The truth about side sleeping
One common misconception is that you cannot sleep on your back or stomach at all while you're pregnant. "Sleeping on side," or SOS, is what doctors often recommend. More specifically, sleeping on the left side: This avoids putting pressure on the vein that circulates blood back to the lower abdomen from your heart.
However, that's not a concern until your third trimester. Until then, it's fine to sleep on your back or stomach. "While sleeping on the left side improves blood flow and nutrient supply to the fetus due to positioning, it is most certainly not the only safe position and it is perfectly safe to sleep in other positions that are comfortable," Lauren Thayer, a registered nurse at Health Canal, said.
As you approach the 28-week mark, compressing on that vein could become a concern -- but you'd feel it if it happened. Your body will naturally gravitate to the proper position for the comfort and circulation you need.
Sleep disorders to watch out for
Some sleep disorders are more common due to hormonal changes, weight gain, stress and the many other changes your body goes through while pregnant,. Two of the most prevalent sleep disorders to keep an eye out for are:
Obstructive sleep apnea: As many as 26% of pregnant women in one study had obstructive sleep apnea by the third trimester. This condition can cause snoring, waking up during the night and sleepiness during the day.
Restless leg syndrome: Restless leg syndrome is another common cause of sleep issues while pregnant, with rates as high as 34%. It causes an uncontrollable urge to move your legs while resting.
If you experience symptoms of either of these conditions, talk to your doctor to discuss treatment options.
Pregnancy-safe sleeping aids
When it comes to getting better sleep, most of the same advice applies to pregnant people as to non-pregnant people: limit screen time before bed, keep a consistent schedule, avoid caffeine or spicy foods in the evening and so on. But there are also specific products to help you during pregnancy, such as pregnancy pillows.
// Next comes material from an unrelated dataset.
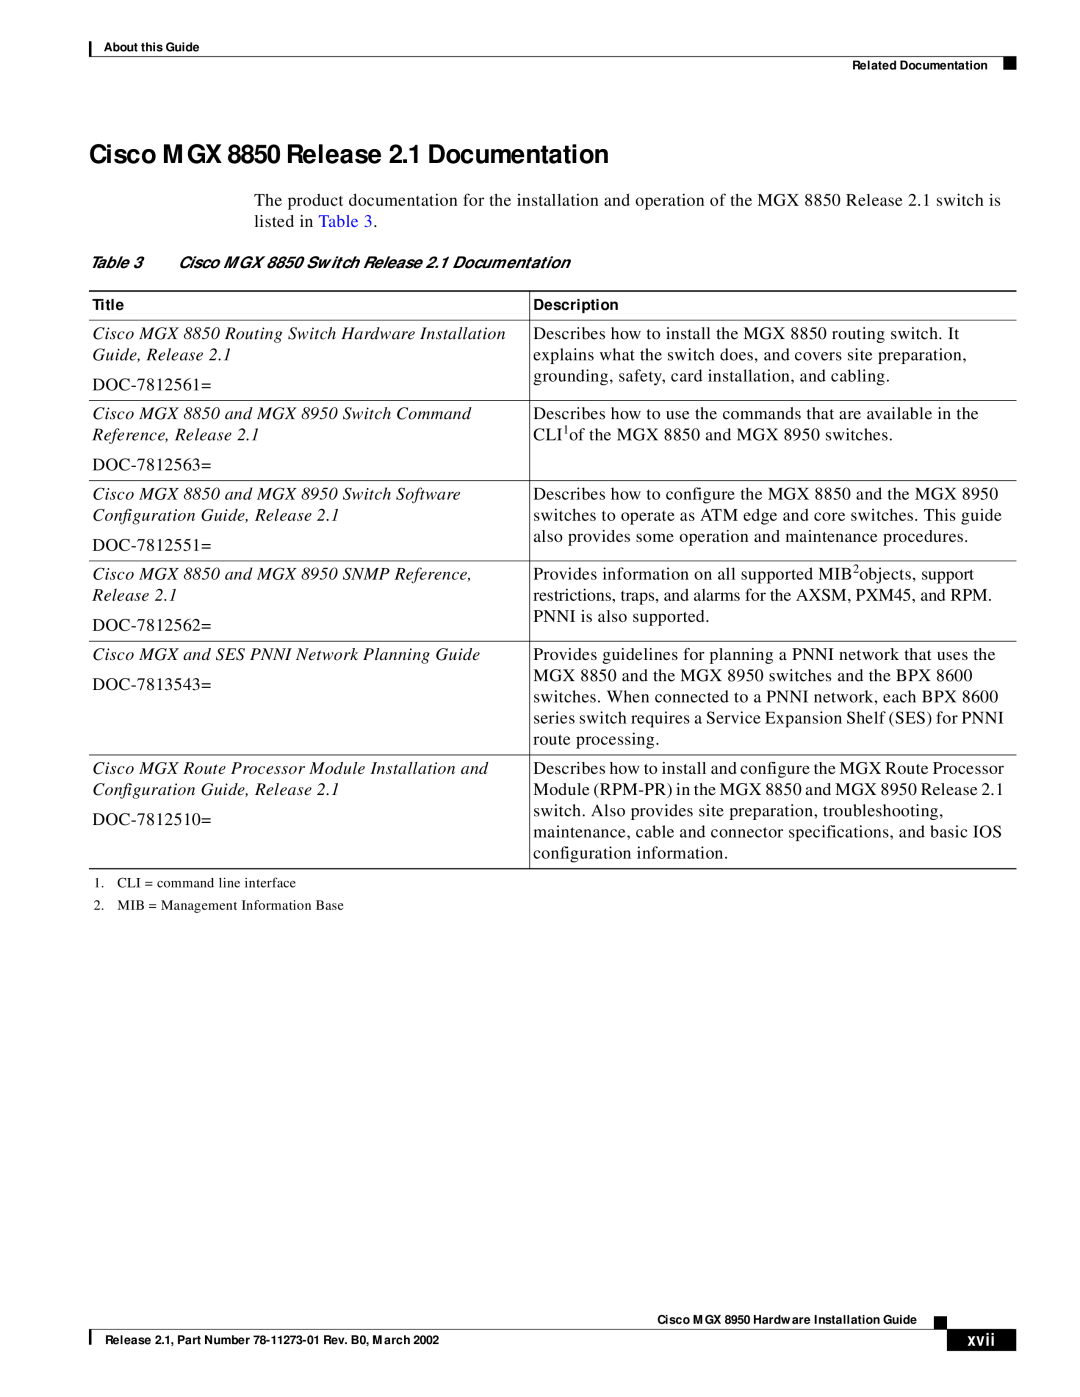 Cisco Systems MGX 8950 appendix Cisco MGX 8850 Release 2.1 Documentation, xvii, Title, Description

If you're considering using a supplement to help you fall asleep, make sure to look for pregnancy-safe products. Be sure to speak with your doctor before taking any supplements, especially during pregnancy.
"If melatonin works for you that is really a blessing, as it is not habit forming and can be used nightly," said Dr. Greg Marchand, OB-GYN and owner of the Marchand Institute, who recommends 10mg of melatonin nightly to his patients. You might also try eating tart cherries, which are naturally high in melatonin.
According to Dr. Marchand, Benadryl is also pregnancy-safe, but it's not ideal for long-term use. "It can be habit forming and after you use it for a few nights many of my patients report that they cannot fall asleep without it," he says. Benadryl can also make your baby sleepy and lead to a decrease in movement, causing an unnecessary trip to the hospital.
As always, it's best to talk to your doctor for more specific and personal advice. Your doctor can help you get the best (and safest) sleep possible until your baby is born.
The information contained in this article is for educational and informational purposes only and is not intended as health or medical advice. Always consult a physician or other qualified health provider regarding any questions you may have about a medical condition or health objectives.